The number of people who could afford to purchase median-priced homes in the Los Angeles region fell sharply in July from the year-earlier period, the California Association of Realtors said. Affordability in July was down one percentage point from June.
The monthly California Housing Affordability Index, a measure of home affordability based on home prices, income and mortgage rates and other housing costs, showed that 14 percent of Los Angeles households could afford to purchase a median-priced home in July, down from 17 percent in July 2004.
The index is largely dependent on median home prices, which rose to $543,890 in July from $451,550 one year earlier, according to the CAR. In June, the median home price in L.A. County was $518,280.

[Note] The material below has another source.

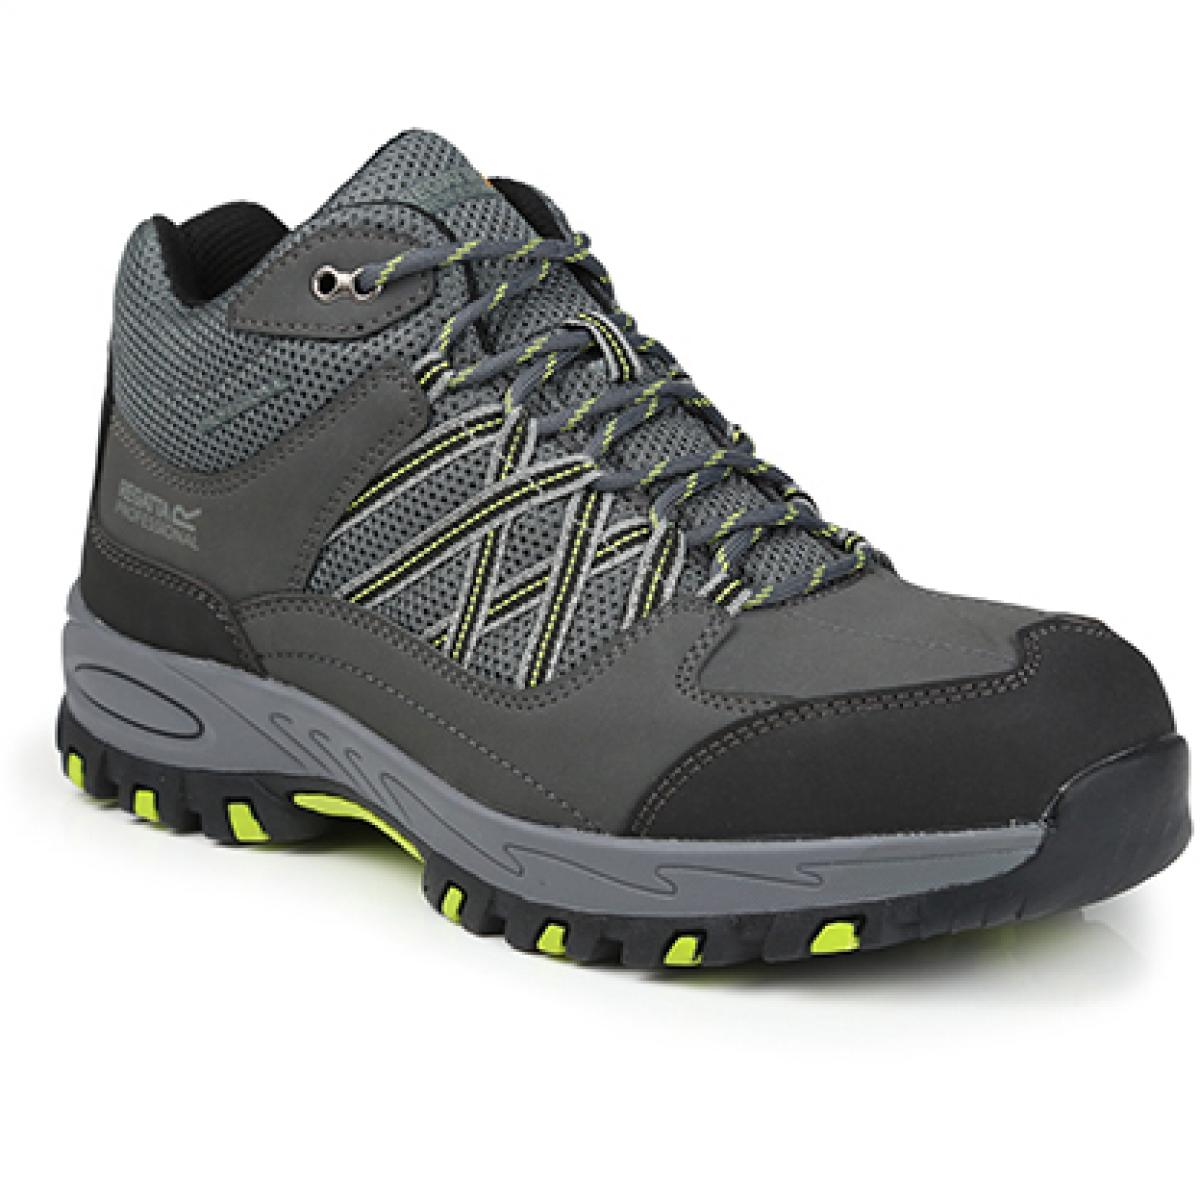 Hersteller: Regatta Safety Footwear Herstellernummer: TRK200 Artikelbezeichnung: Sandstone SB Safety Hiker - Arbeitsschuhe Farbe: Briar/Lime

Statewide, 16 percent of the population could afford to buy a home, down from 19 percent in the year-ago period and unchanged from June. The median home price statewide in July was $540,900, versus $461,760 a year earlier and down from $543,120 in June.
The areas with the highest levels of affordability were the High Desert, which includes Palmdale and Lancaster, with 30 percent of households qualifying, and Fresno, at 21 percent. The least affordable markets were the Northern Wine Country and Santa Barbara and Sonoma counties, where only 7 percent of households could afford to buy a median-priced home. Santa Barbara County’s South Coast area had the most expensive homes, where the median price was over $1.3 million in July.
Nationwide, the median home price was $218,000 in July.